▸ Data below:
______

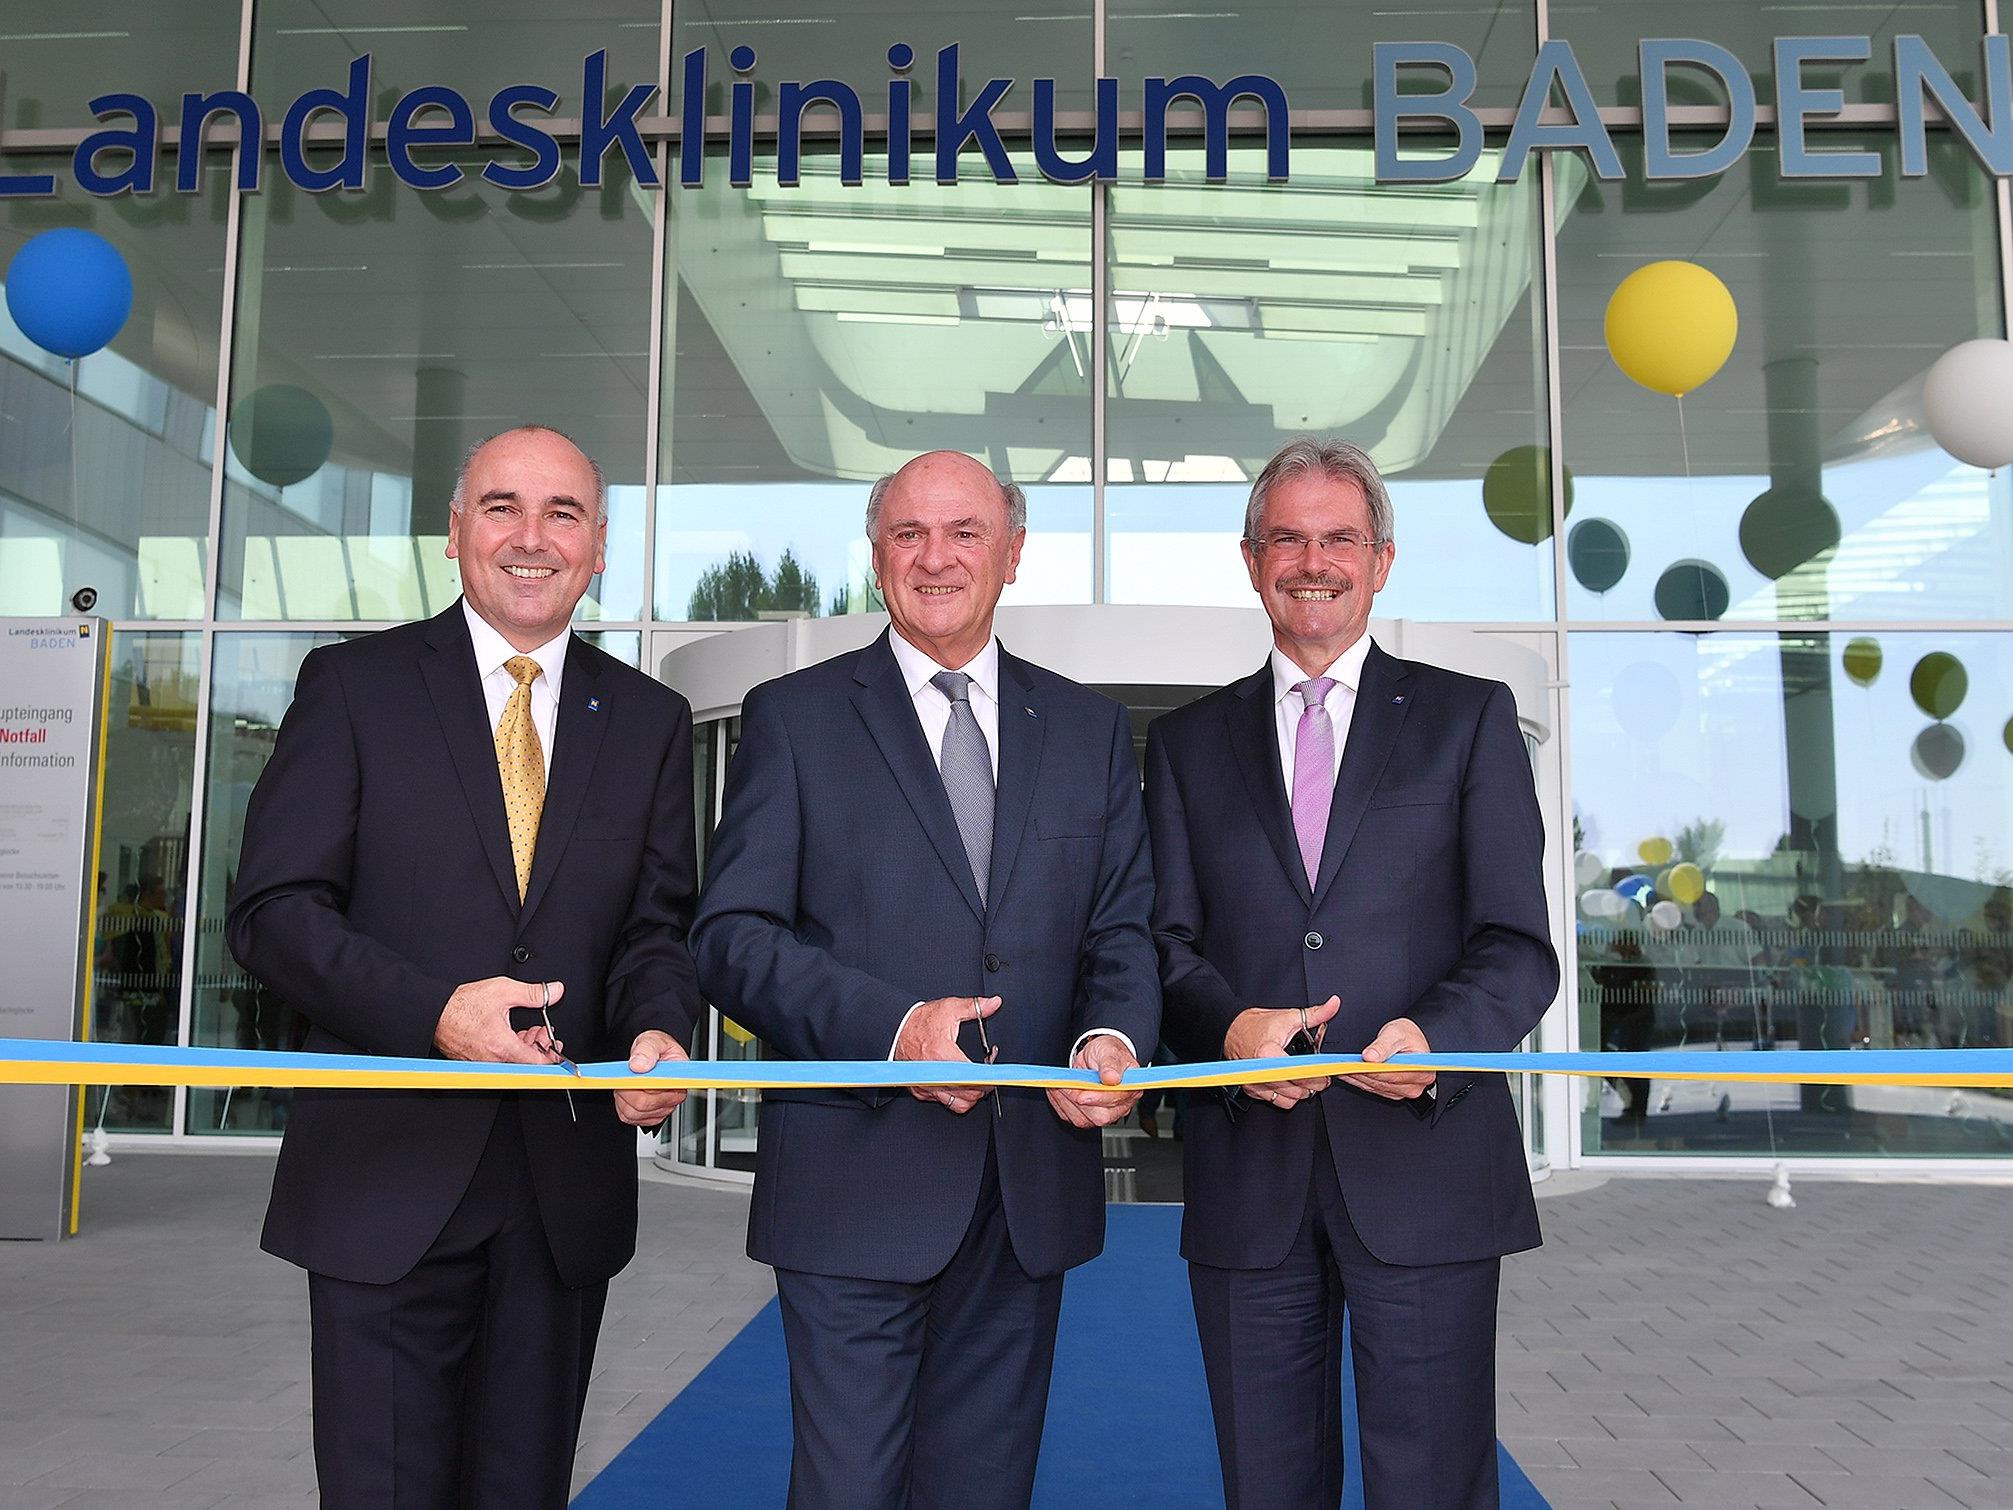 Am Montag wurde der Neubau des Landesklinikum Baden eröffnet.
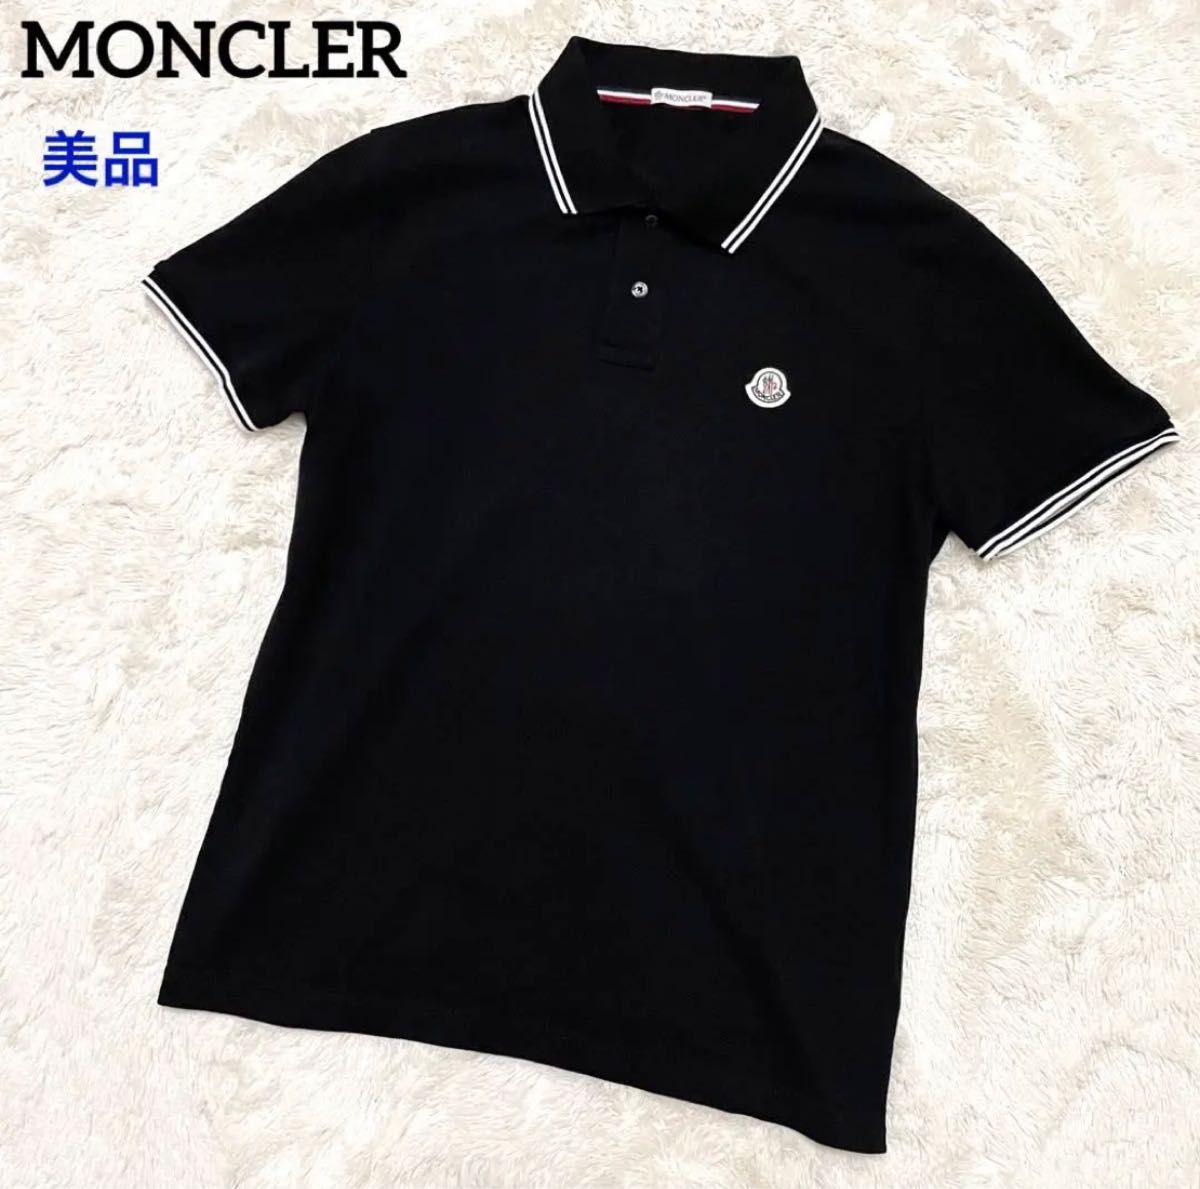 MONCLER 半袖ポロシャツ Lサイズ 黒色 ブラック モンクレールジャパン
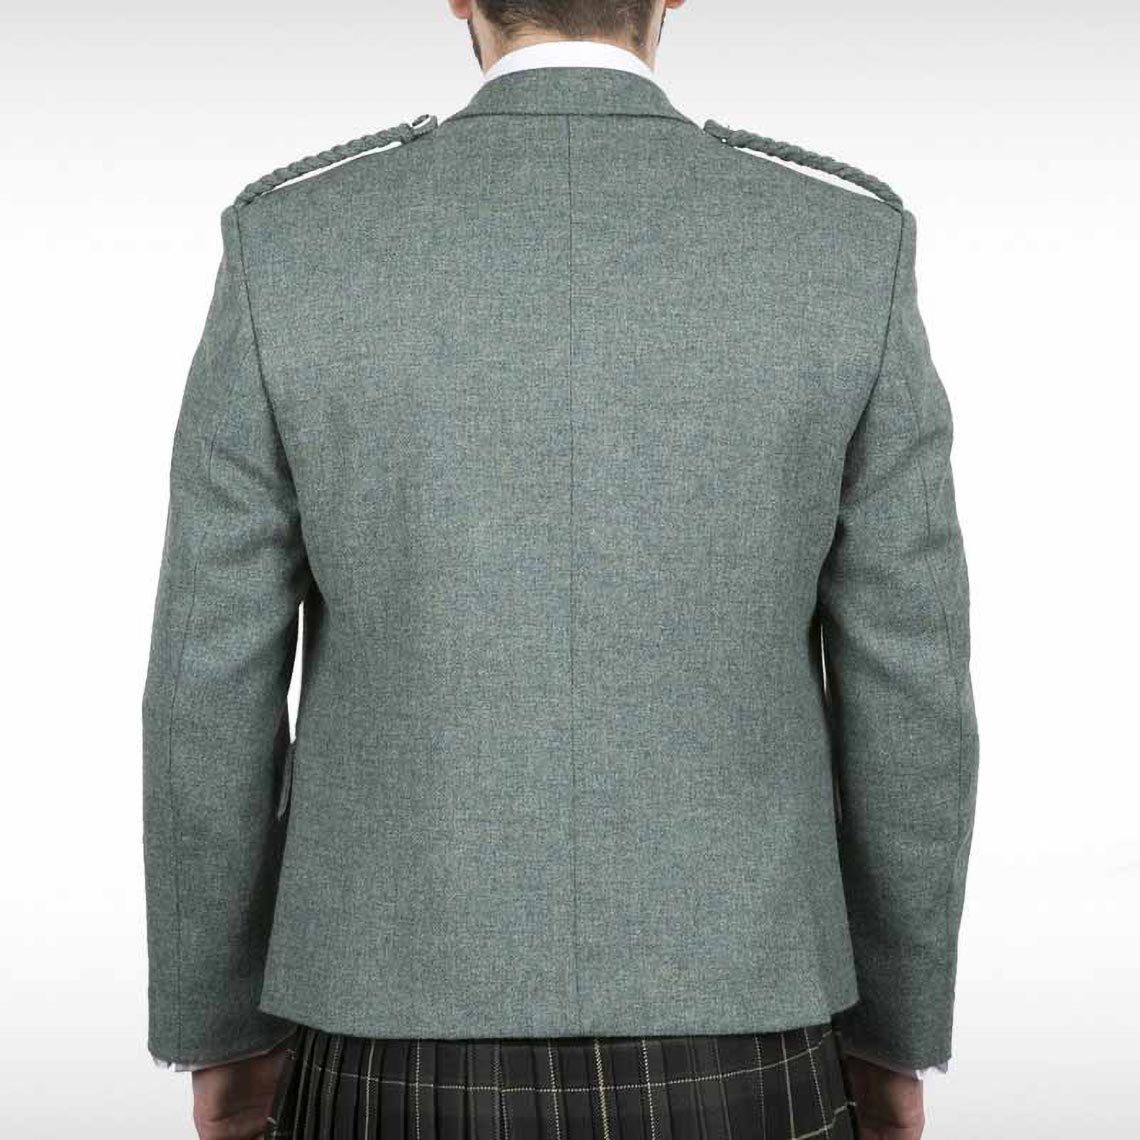 Lovat Green Crail Jacket & Waistcoat
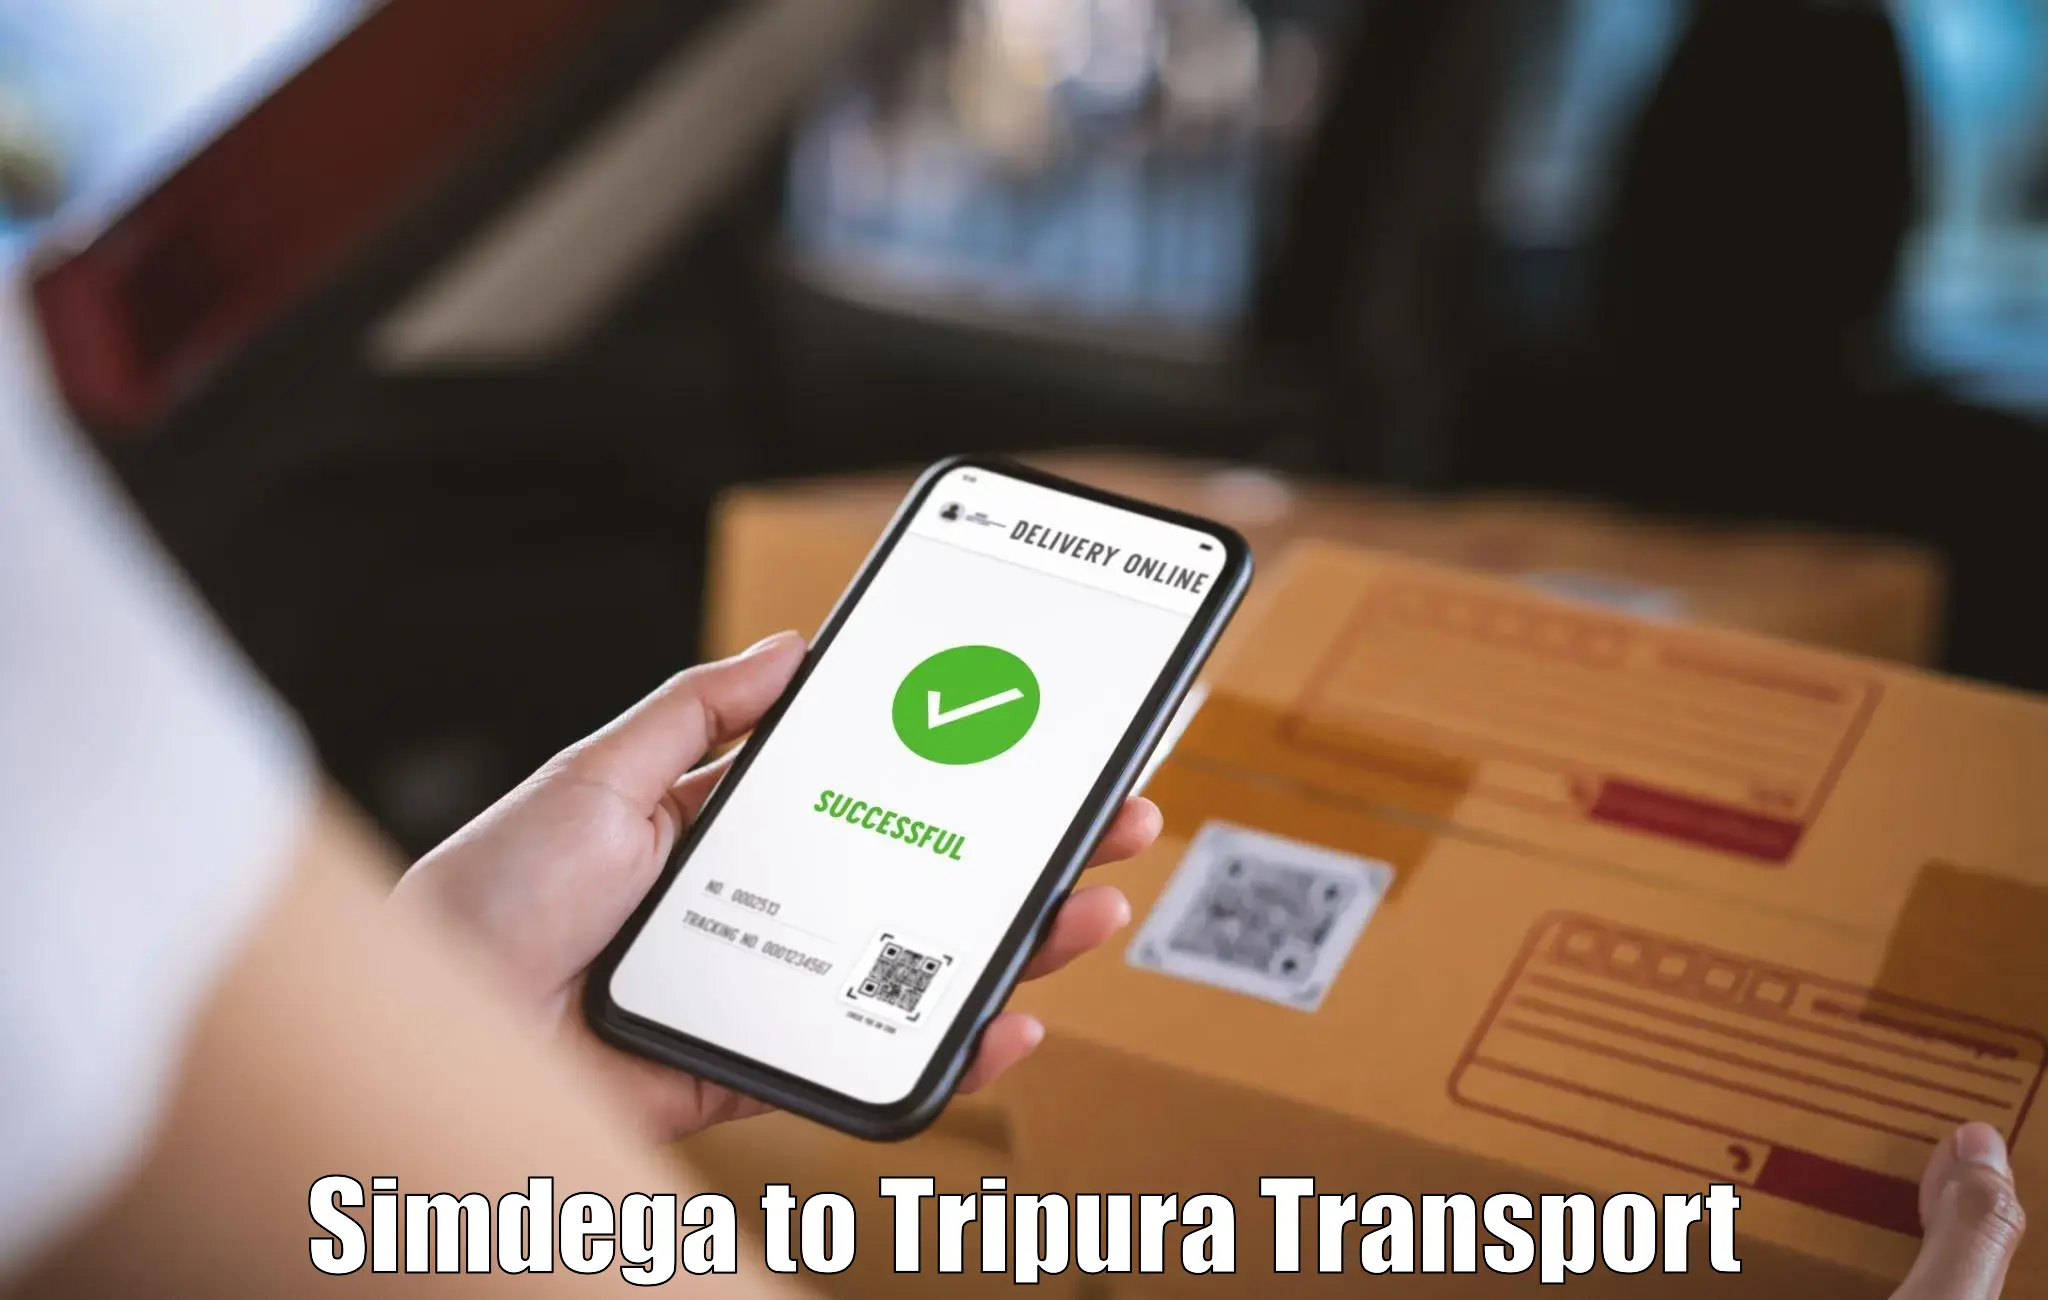 All India transport service Simdega to Agartala

______

▸ How to complete this task:
Locate the line containing "Lovat Green Crail Jacket & Waistcoat" in the material above, then repeat it and every later line exactly, with no pictures.

▸ The answer:
 Lovat Green Crail Jacket & Waistcoat
 All India transport service Simdega to Agartala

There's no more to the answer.